Voluntariado faz bem à saúde mental: entenda os benefícios de ajudar o próximo

Grupo de voluntários organizando doações em ação solidária.

Estudos mostram que o voluntariado contribui para o bem-estar emocional, a redução do estresse, a melhora da autoestima e até a prevenção de transtornos mentais como depressão e ansiedade. 

Ajudar o outro fortalece vínculos sociais, dá sentido à vida e promove uma percepção mais positiva de si mesmo e do mundo. 

Ao se engajar em ações solidárias, o voluntário não apenas transforma a realidade de quem recebe o apoio, mas também cuida da própria saúde mental de forma significativa.

O que é voluntariado e por que ele transforma vidas

Voluntariado é a prática de dedicar tempo, habilidades ou apoio a causas sociais, sem remuneração, com o objetivo de melhorar a vida de outras pessoas ou contribuir com instituições e comunidades.

Trata-se de uma escolha livre, consciente e altruísta que envolve empatia, escuta, presença e cooperação.

Quem participa de atividades voluntárias vivencia uma experiência de pertencimento e propósito. 

Ao perceber que suas ações geram impacto positivo na vida do outro, o voluntário fortalece sua própria identidade, autoconfiança e estabilidade emocional.

Voluntariado e bem-estar emocional: como ajudar o outro também fortalece quem ajuda

O voluntariado, além de promover transformações sociais, costuma impactar positivamente o bem-estar emocional de quem se engaja nessa prática. 

Ao dedicar tempo e atenção a causas coletivas, muitas pessoas relatam sentir mais propósito na rotina, maior conexão com os outros e uma sensação real de contribuição para algo maior.

Participar de ações solidárias estimula vínculos humanos, amplia o repertório de experiências e oferece novas formas de enxergar desafios e superações. 

Essa troca, que acontece no encontro com o outro, favorece o desenvolvimento da empatia, da paciência e do senso de pertencimento.

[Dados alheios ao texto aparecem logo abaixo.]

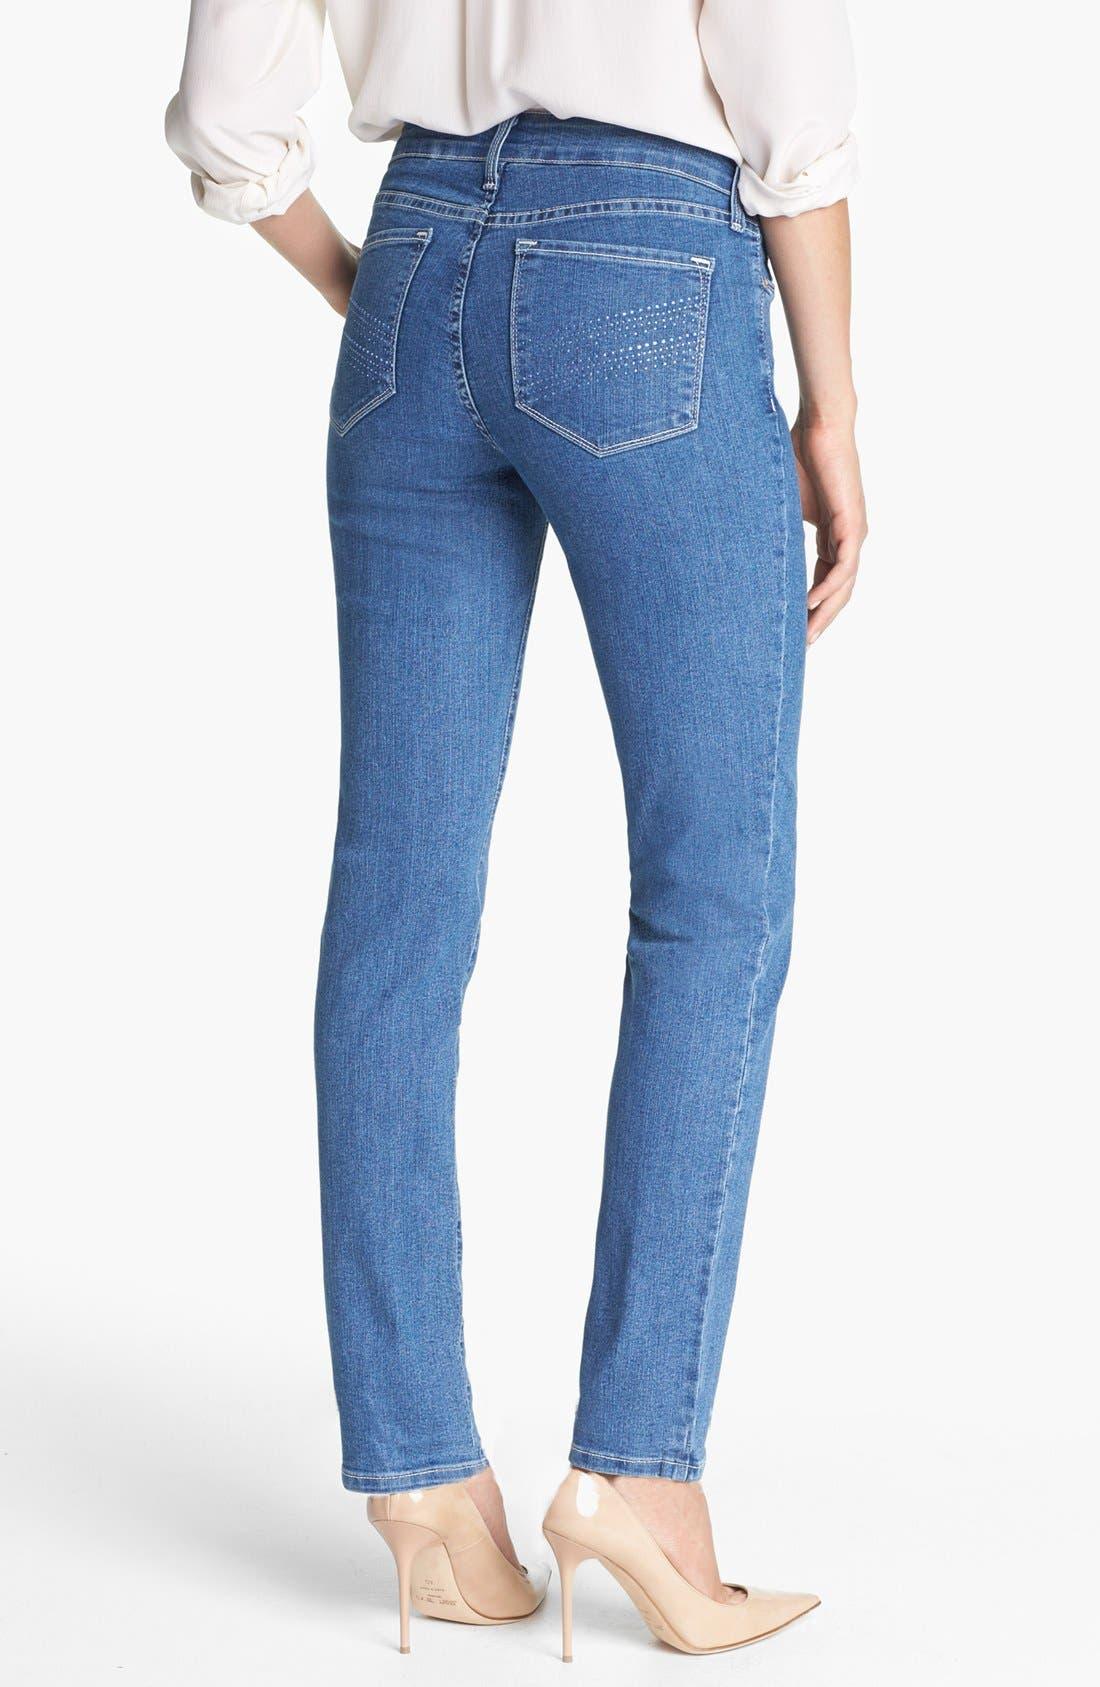 Alternate Image 3  - NYDJ 'Sheri' Embellished Pocket Stretch Skinny Jeans (Maryland)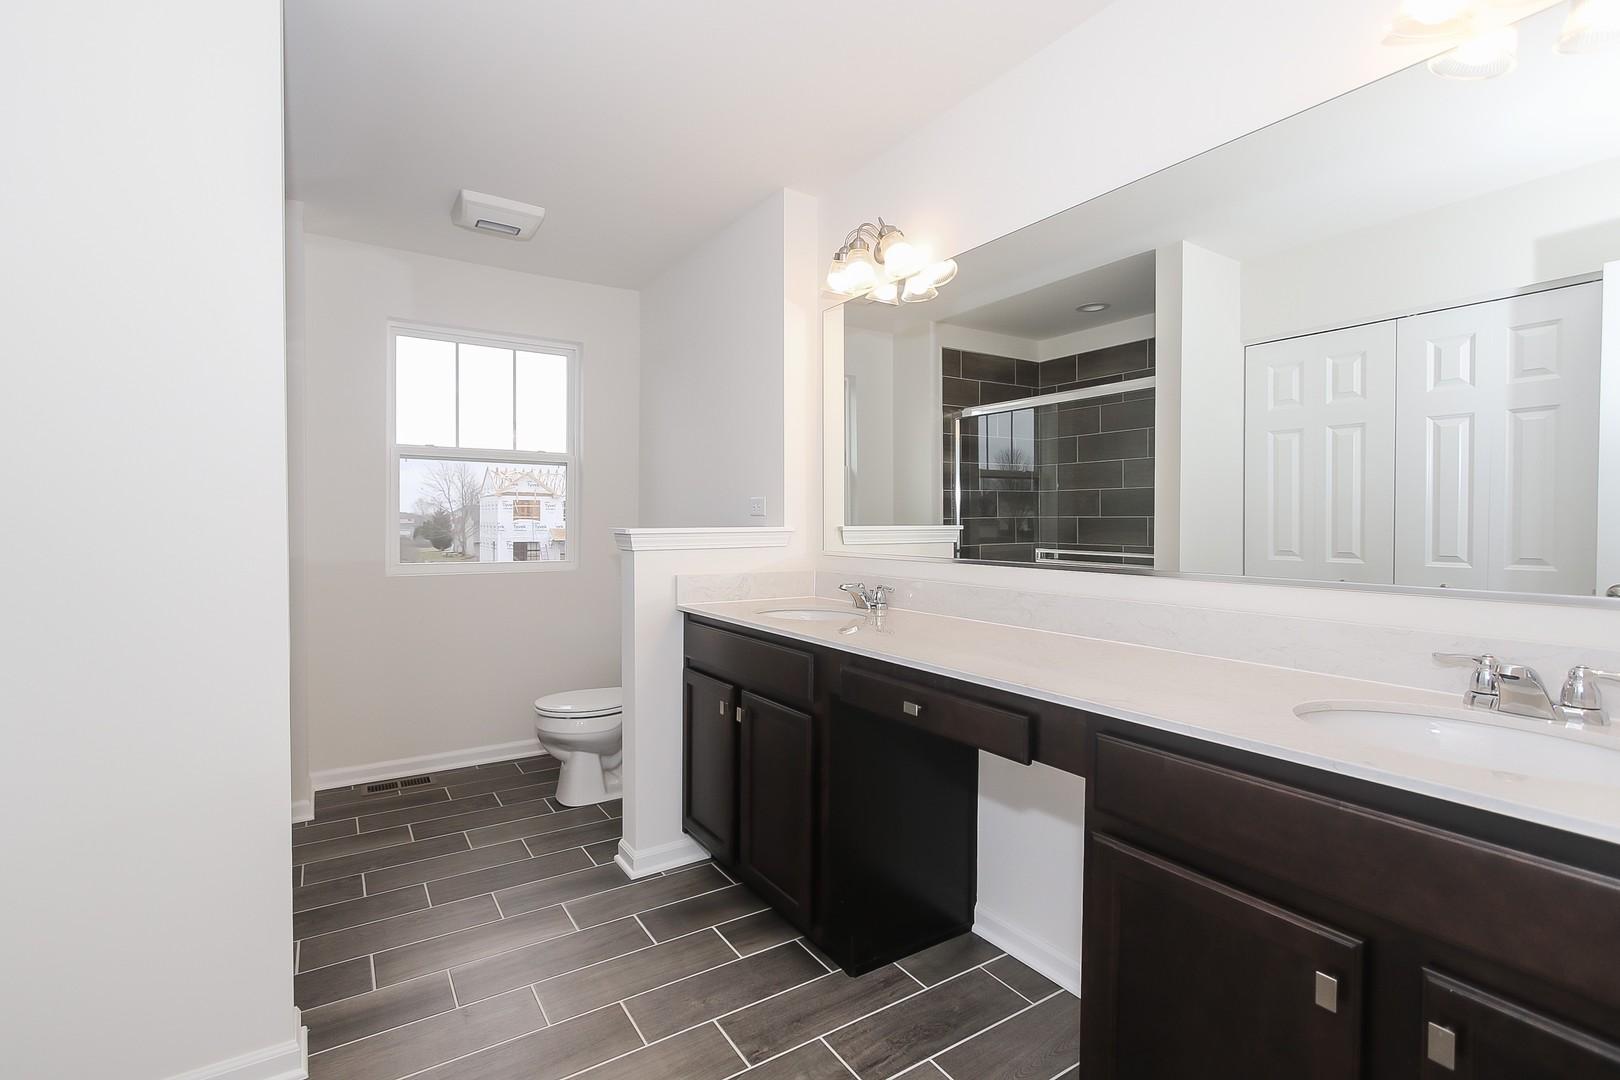 26100 South White Oak Lot#565, Channahon, Illinois, 60410

Além disso, incluir o voluntariado na rotina pode trazer efeitos subjetivos importantes: 

  • sensação de utilidade;
  • melhora na autoestima;
  • alívio de tensões cotidianas e fortalecimento emocional diante das dificuldades da vida.

Esses benefícios não surgem de forma automática nem substituem o cuidado clínico quando necessário, mas mostram como o envolvimento com o outro, feito de forma consciente e respeitosa, pode ser também um caminho de cuidado consigo mesmo.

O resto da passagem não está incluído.